* **Exercise prompt**
Nothing but the text should be carried over: reproduce all the data exactly and leave out every image.

* **Material provided**
----
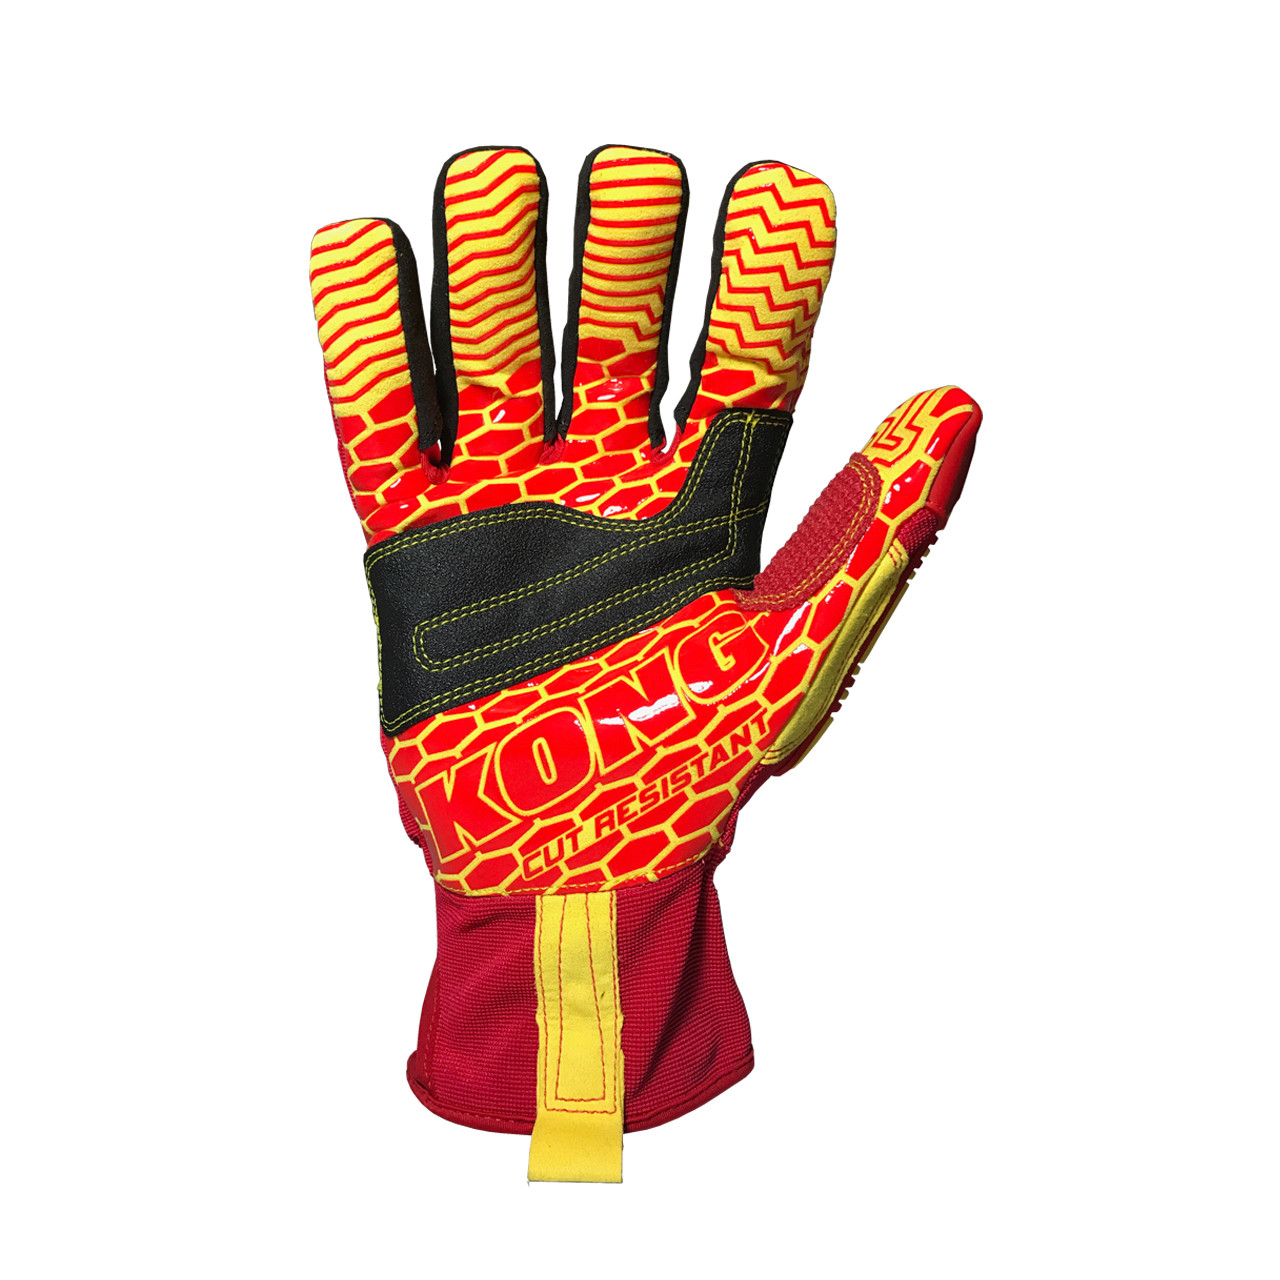 KONG Original Oil & Gas Safety Impact Gloves X-Large Orange NEW
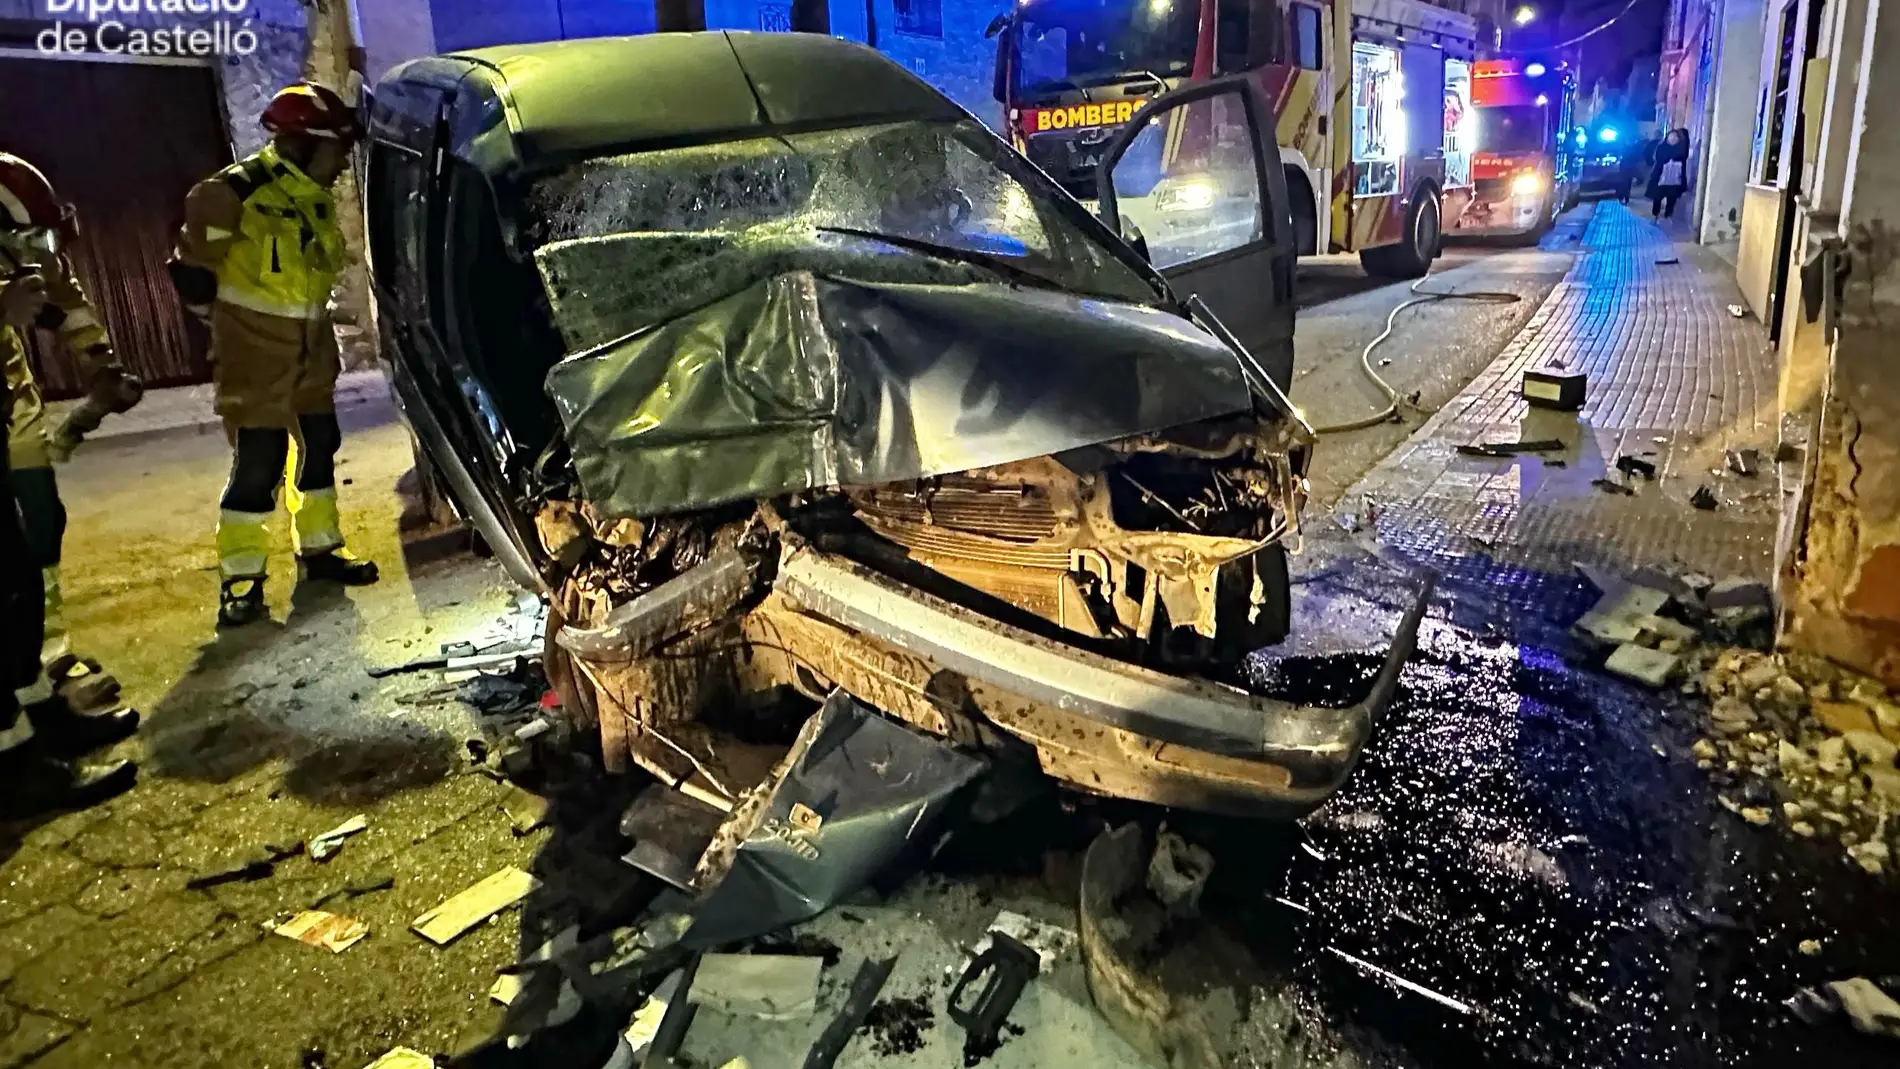 Fallecen dos personas en un grave accidente de tráfico en Jérica
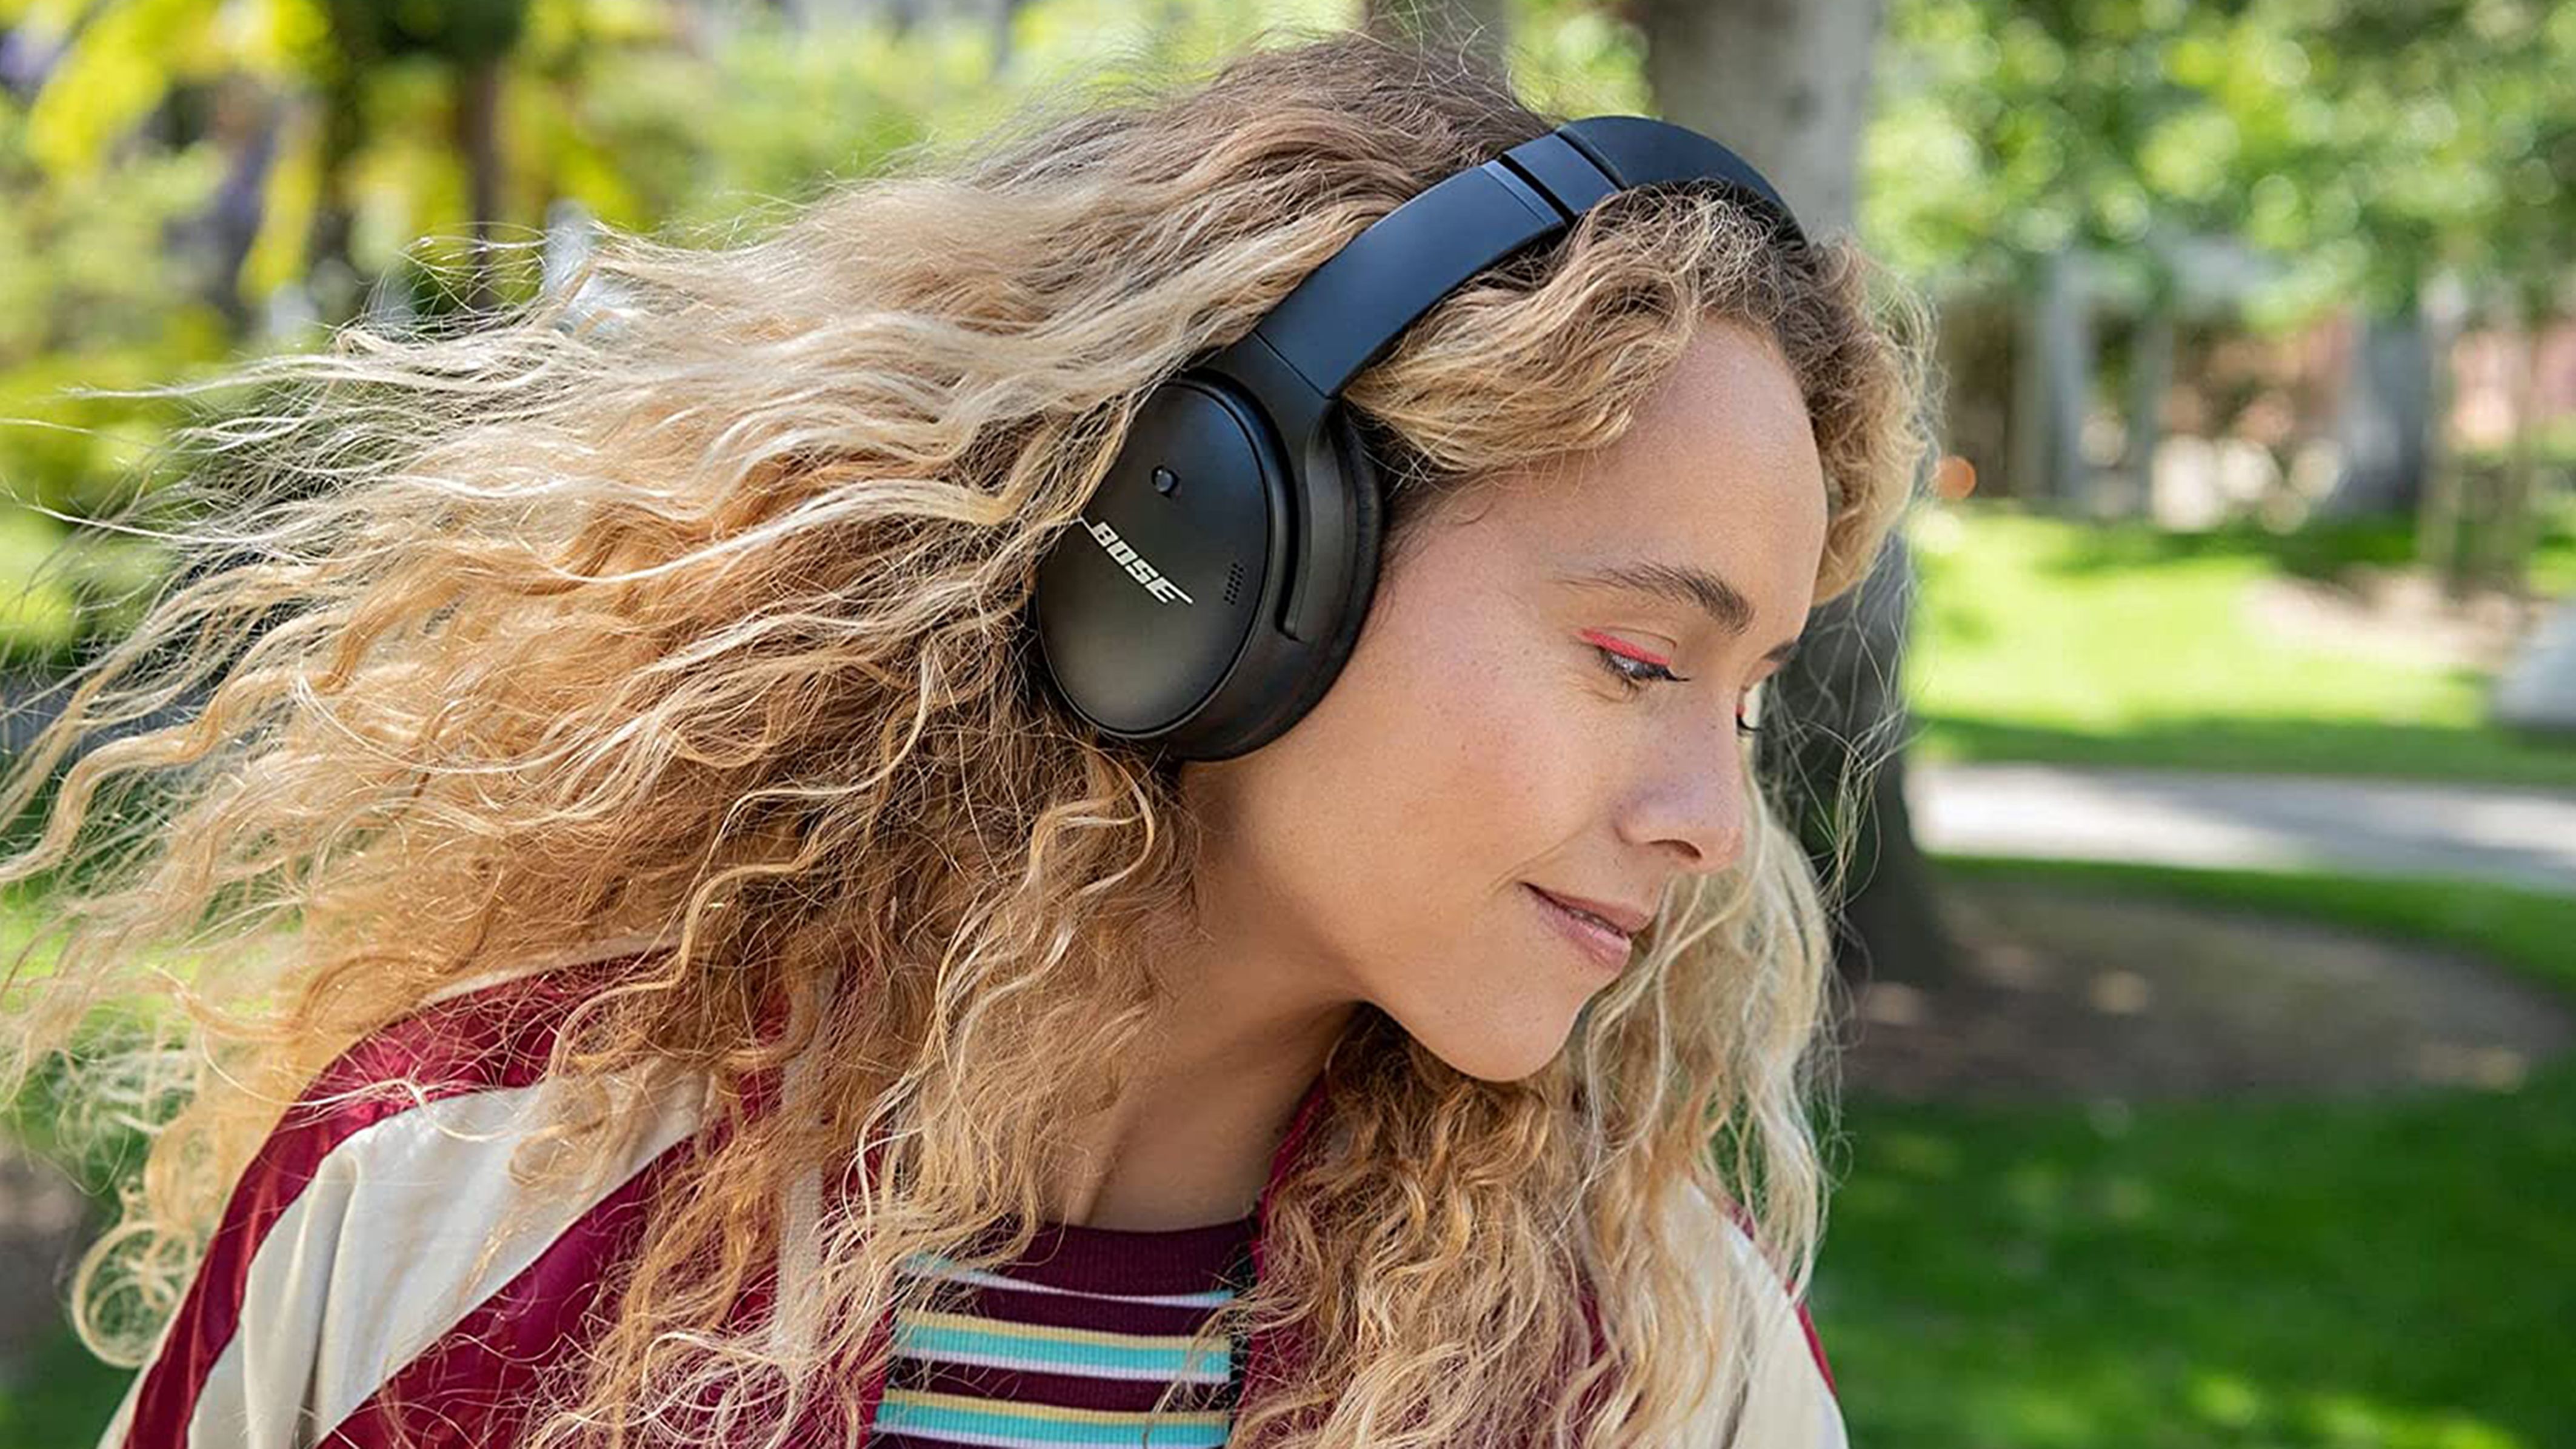 Bose QuietComfort QC 45 Wireless Noise Cancelling Headphones - Black -  BRAND NEW
----
* **Solution for this task**
 KONG Original Oil & Gas Safety Impact Gloves X-Large Orange NEW
 Fallecen dos personas en un grave accidente de tráfico en Jérica
 Bose QuietComfort QC 45 Wireless Noise Cancelling Headphones - Black -  BRAND NEW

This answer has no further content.